Speak your life once, access it anytime.
A voice-first personal life logger powered by a full RAG pipeline —
transcription, structured extraction, vector embeddings, and natural language retrieval.
People generate hundreds of micro-events daily — expenses, tasks, meetings, health notes, journal thoughts — but capturing them requires switching between 5+ apps. Most of it is never logged. And when you need to recall something from last week? Good luck searching across scattered tools.
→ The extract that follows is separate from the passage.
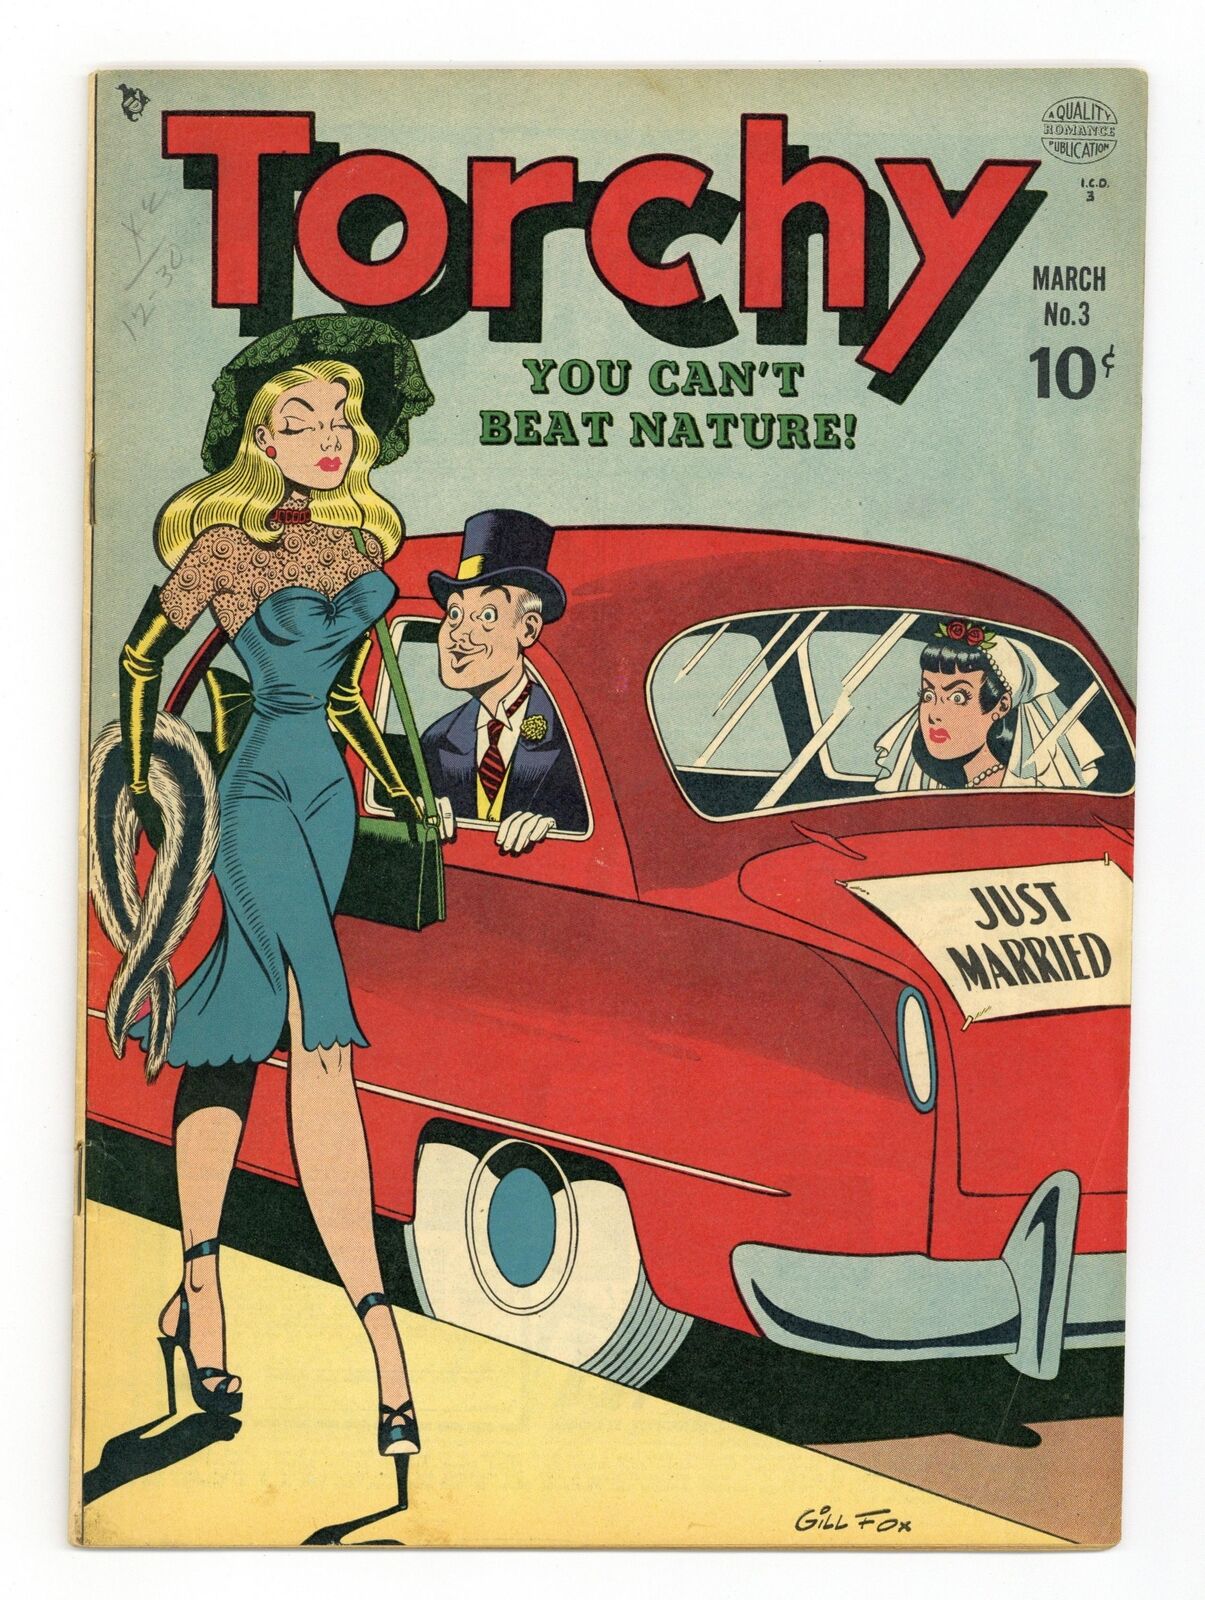 Torchy #3 VG+ 4.5 1950

HeyPoco lets you speak or type anything — and the system figures out the rest.
Say "Spent $45 at Whole Foods on groceries" and it automatically classifies it as finance, extracts the amount, merchant, and category. Say "Flying from Phoenix to New York tomorrow at 3pm" and it creates a structured travel event. Later, ask "How much did I spend last week?" and get an instant, accurate answer synthesized from your own data.
┌─────────────────────────────────────────────────────────────┐
│ BROWSER │
│ Next.js 16 · React 19 · Tailwind · Framer Motion │
│ ┌─────────┐ ┌──────────┐ ┌───────────┐ ┌────────────┐ │
│ │ Voice │ │ Rich │ │ Query │ │ Auth │ │
│ │ Capture │ │ Cards │ │ Chat UI │ │ (Supabase)│ │
│ └────┬─────┘ └──────────┘ └─────┬─────┘ └────────────┘ │
└───────┼────────────────────────────┼─────────────────────────┘
│ audio/text │ natural language
▼ ▼
┌─────────────────────────────────────────────────────────────┐
│ FASTAPI BACKEND │
│ │
│ ┌──────────────── INGEST PIPELINE ────────────────────┐ │
│ │ │ │
│ │ Whisper ──▶ PII Scrub ──▶ GPT-4o ──▶ Embed ──▶ DB │ │
│ │ (STT) (local) (extract) (1536d) │ │
│ └──────────────────────────────────────────────────────┘ │
│ │
│ ┌──────────────── QUERY PIPELINE ─────────────────────┐ │
│ │ │ │
│ │ Classify ──▶ Route ──▶ Retrieve ──▶ Synthesize │ │
│ │ (< 1ms) (4 paths) (SQL+vector) (GPT-4o) │ │
│ └──────────────────────────────────────────────────────┘ │
└──────────────────────────┬───────────────────────────────────┘
│
▼
┌─────────────────────────────────────────────────────────────┐
│ SUPABASE (PostgreSQL + pgvector) │
│ │
│ entries: raw_text | type | extracted_fields (JSONB) │
│ embedding (VECTOR 1536) | tags[] | entry_date │
│ │
│ RLS: every query scoped to authenticated user │
│ RPC: match_entries() — cosine similarity with filters │
└─────────────────────────────────────────────────────────────┘
When a user speaks or types an entry, it flows through 5 decoupled stages:
POST /api/ingest
│
├─ 1. TRANSCRIBE ─────── Whisper (whisper-1) converts audio → text
│ Supports mp3, mp4, wav, m4a, webm
│
├─ 2. PII DETECTION ──── Local regex engine (zero API calls)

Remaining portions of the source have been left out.